* _Exercise details_
Find "Παιδικό τρίκυκλο ποδήλατο" in the material below, then write out that line and every line after it exactly, ending with the last one; skip the pictures.

* _Recorded information_
□ □ □ □ □ □ □
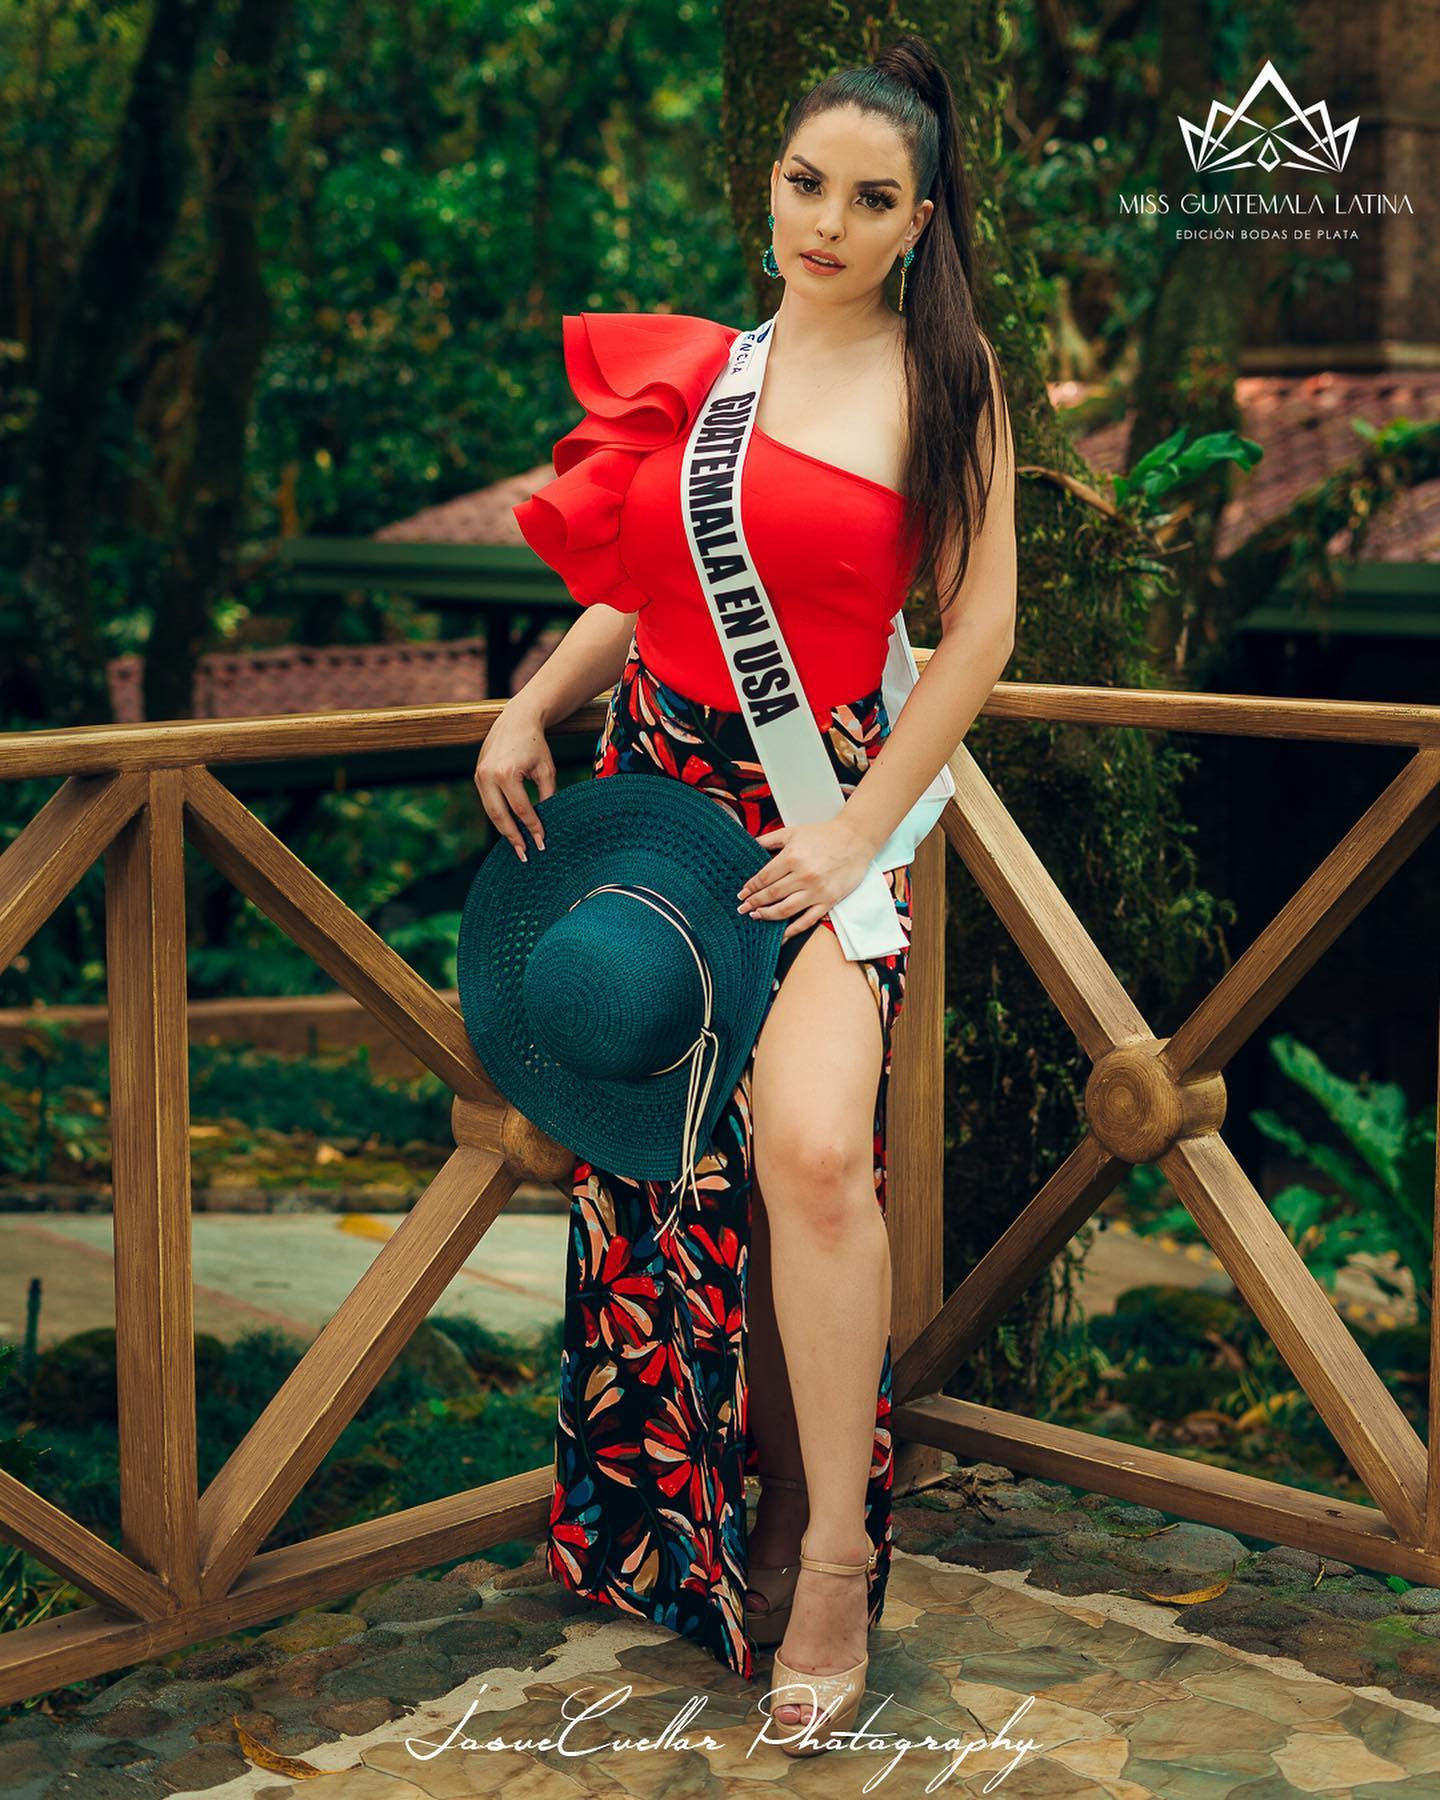 Latina - candidatas a miss guatemala latina 2021. final: 30 de abril. - Página 8 BFwqzJ
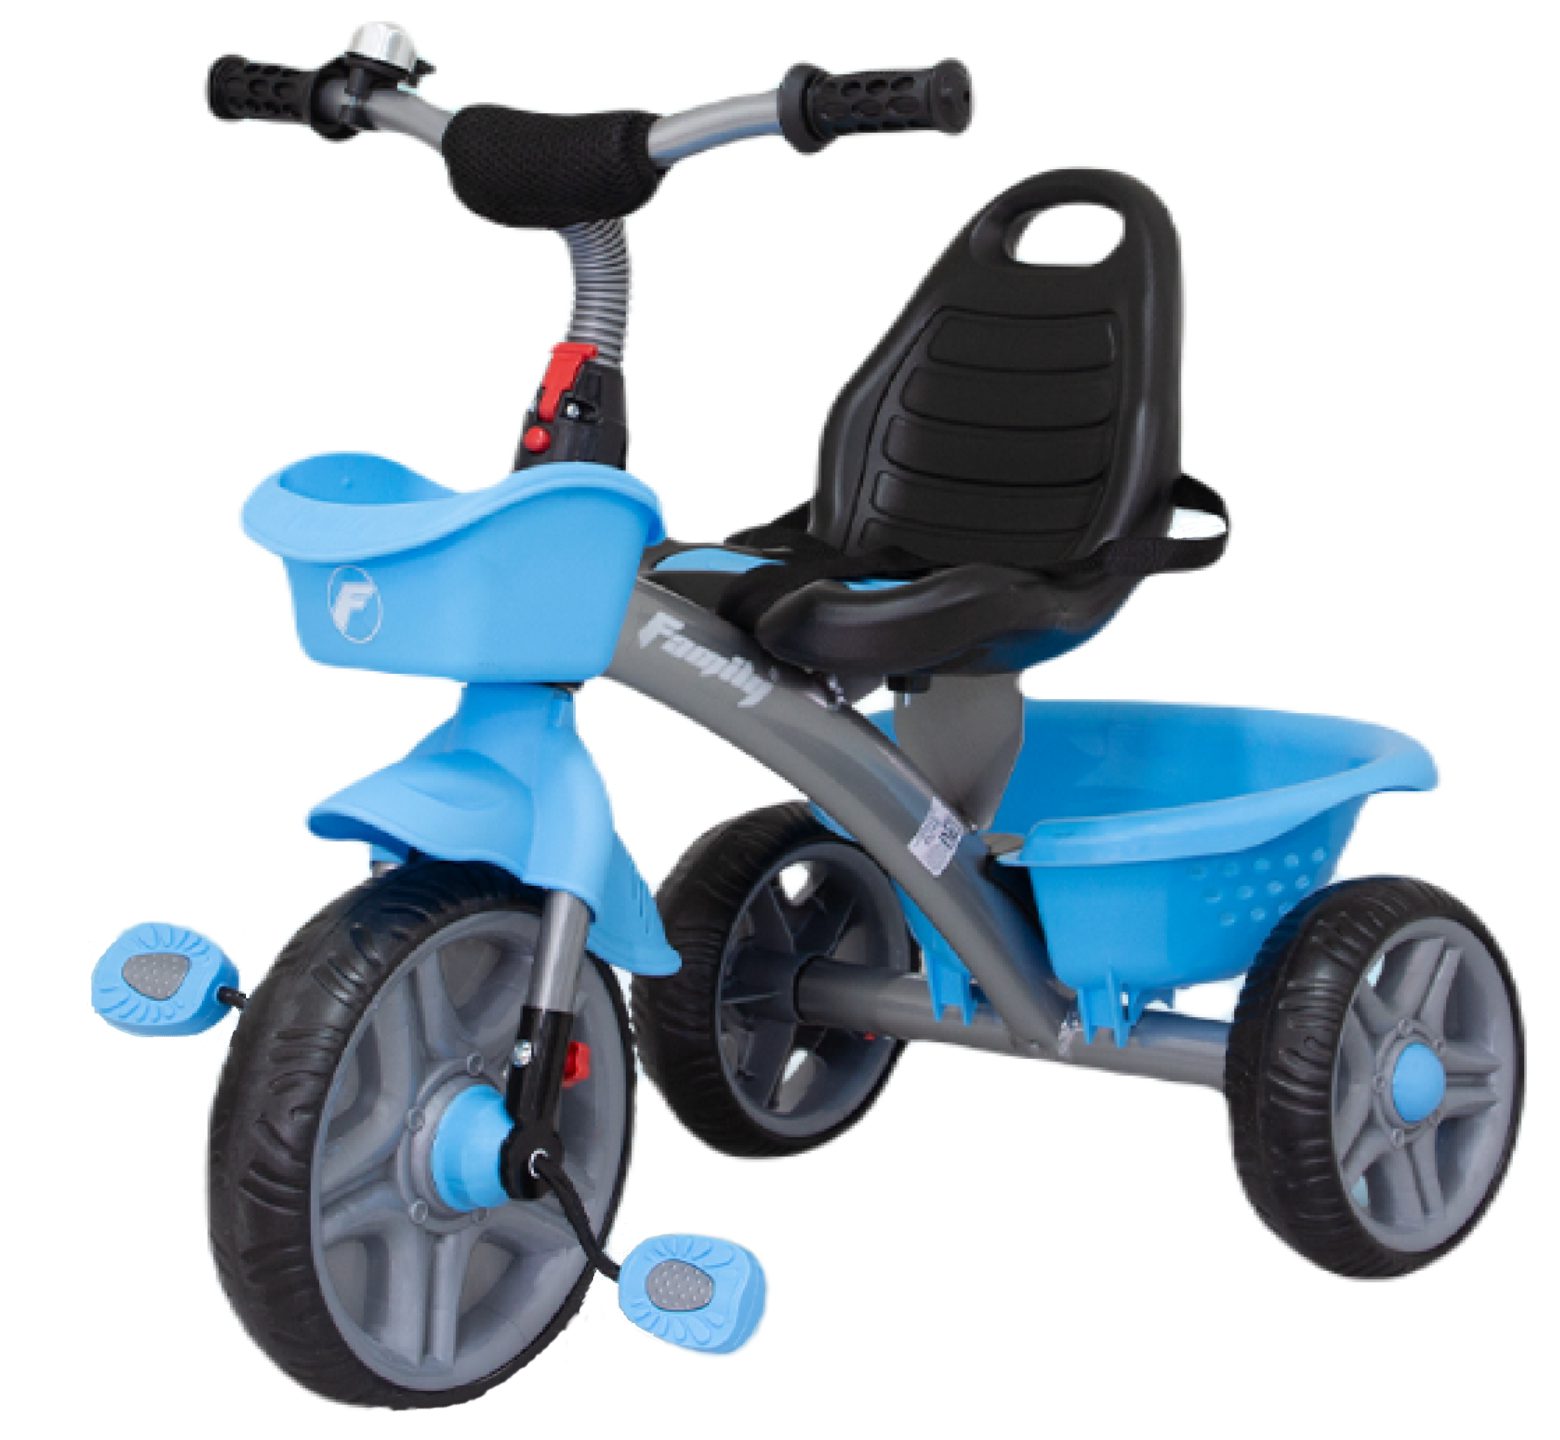 Παιδικό τρίκυκλο ποδήλατο σε 2 χρώματα μπλε ή κόκκινο
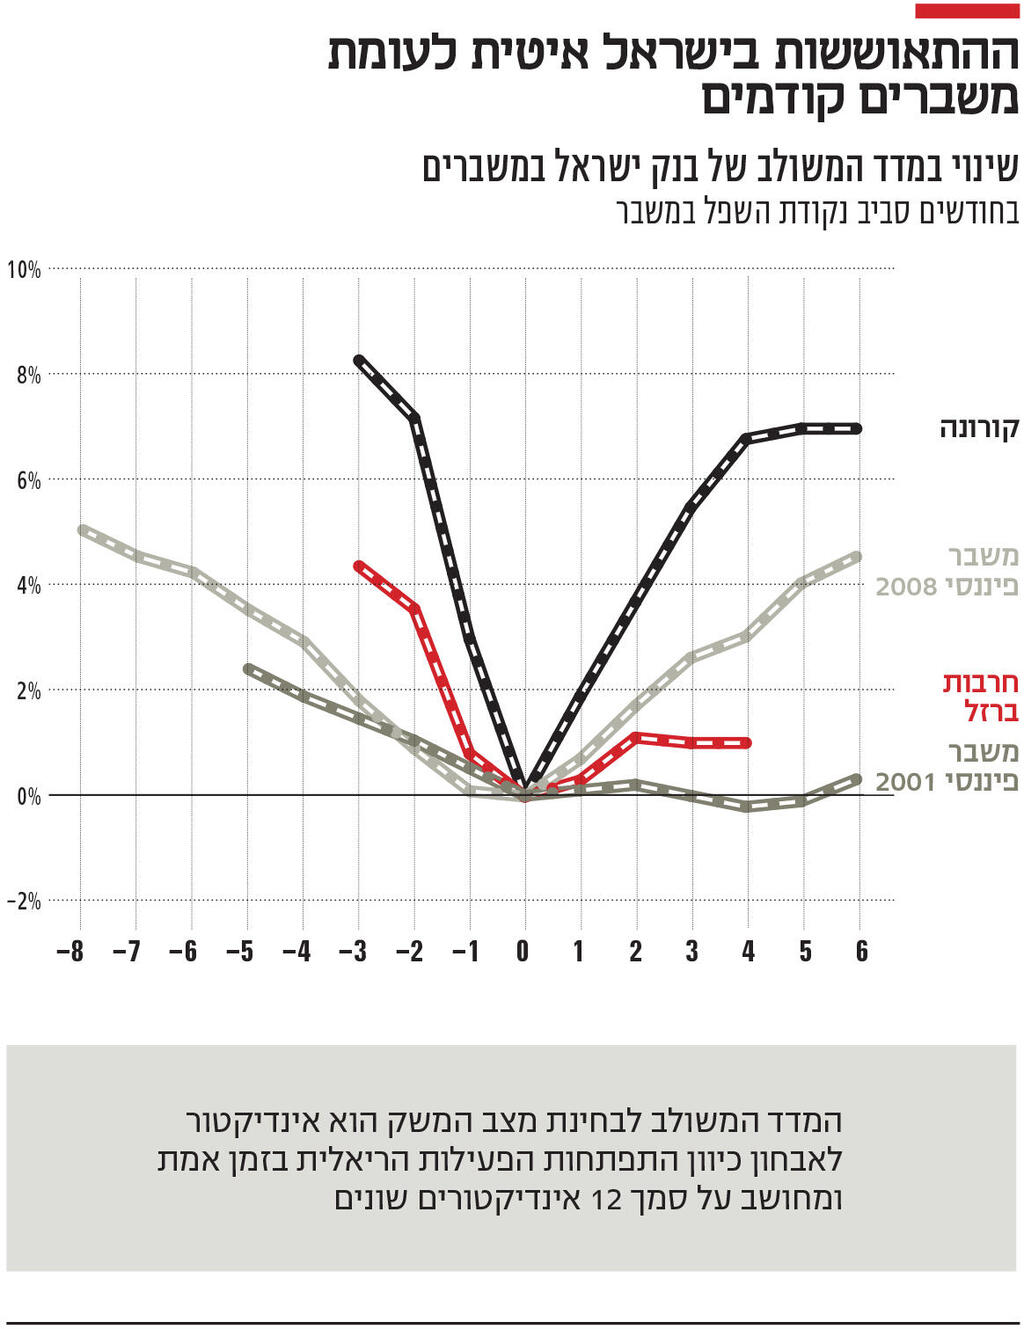 אינפו ההתאוששות בישראל איטית לעומת משברים קודמים
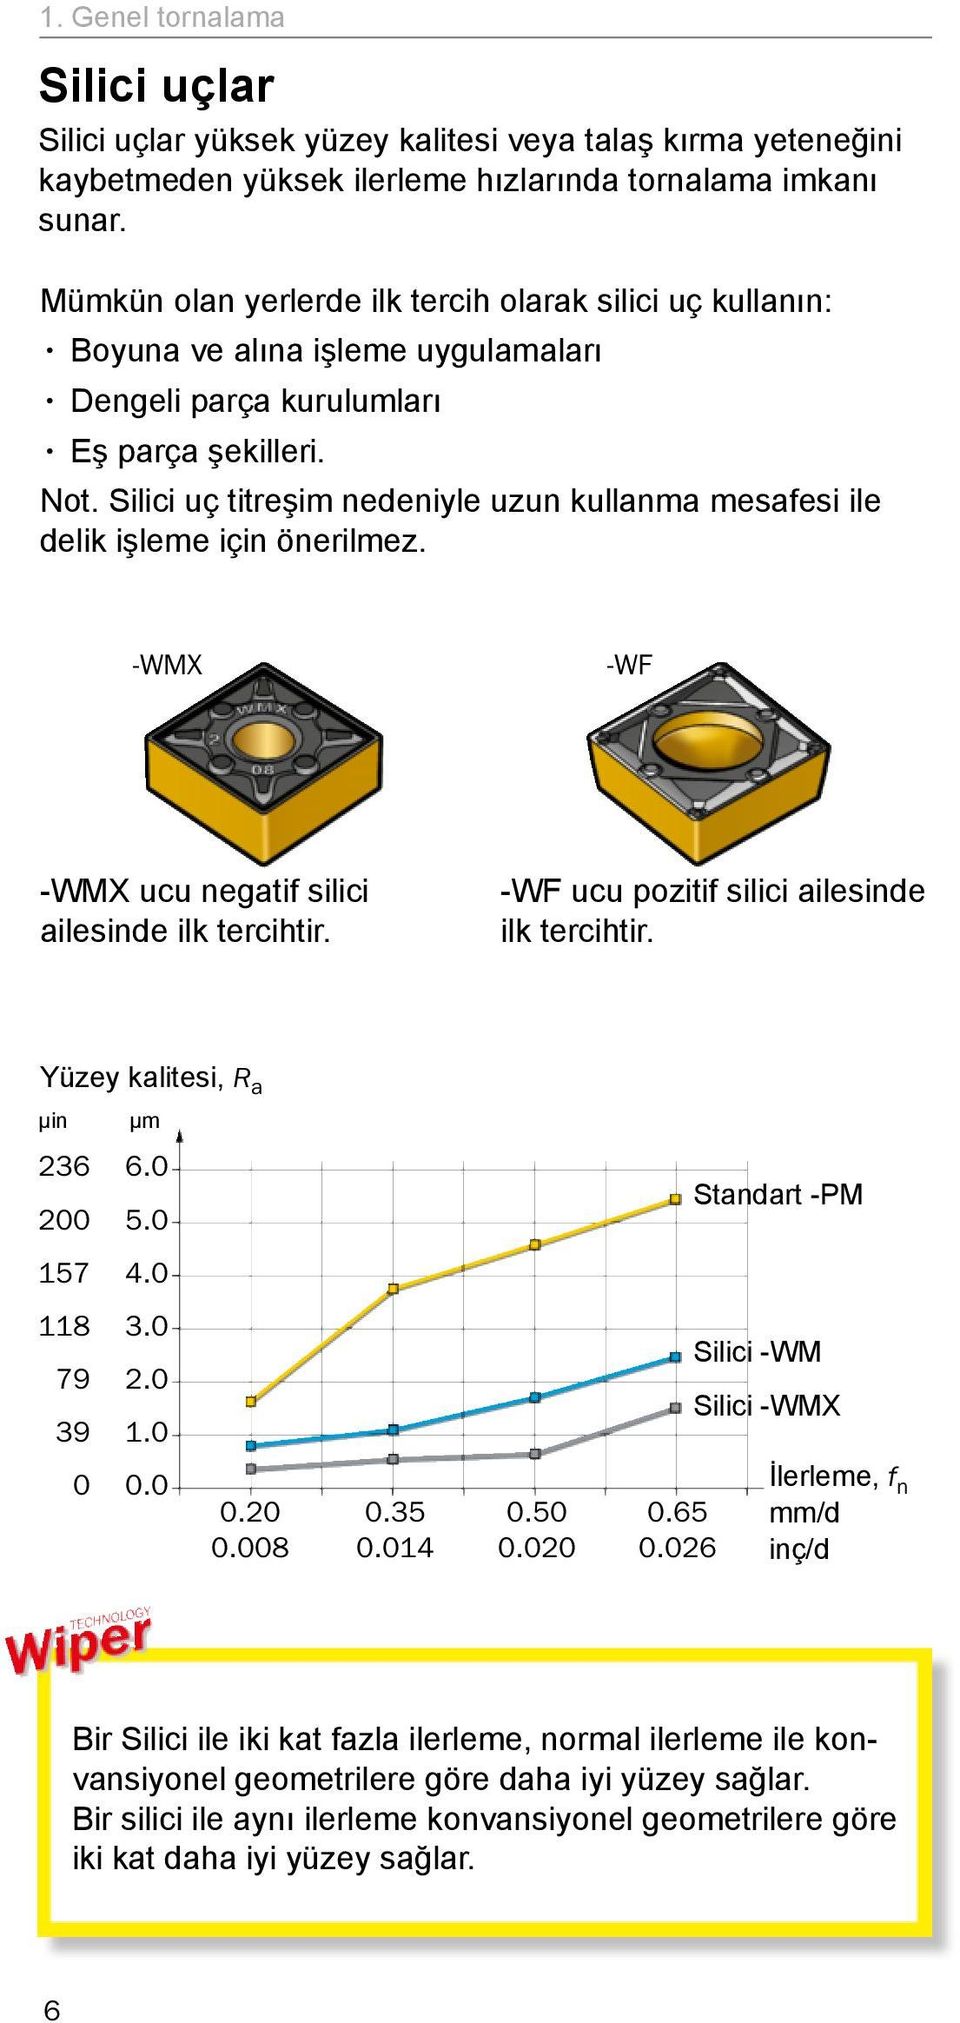 Silici uç titreşim nedeniyle uzun kullanma mesafesi ile delik işleme için önerilmez. -WMX -WF -WMX ucu negatif silici ailesinde ilk tercihtir. -WF ucu pozitif silici ailesinde ilk tercihtir.
□ □ □ □ □ □ □
* _Response below_
 Παιδικό τρίκυκλο ποδήλατο σε 2 χρώματα μπλε ή κόκκινο
 אינפו ההתאוששות בישראל איטית לעומת משברים קודמים
 Silici uç titreşim nedeniyle uzun kullanma mesafesi ile delik işleme için önerilmez. -WMX -WF -WMX ucu negatif silici ailesinde ilk tercihtir. -WF ucu pozitif silici ailesinde ilk tercihtir.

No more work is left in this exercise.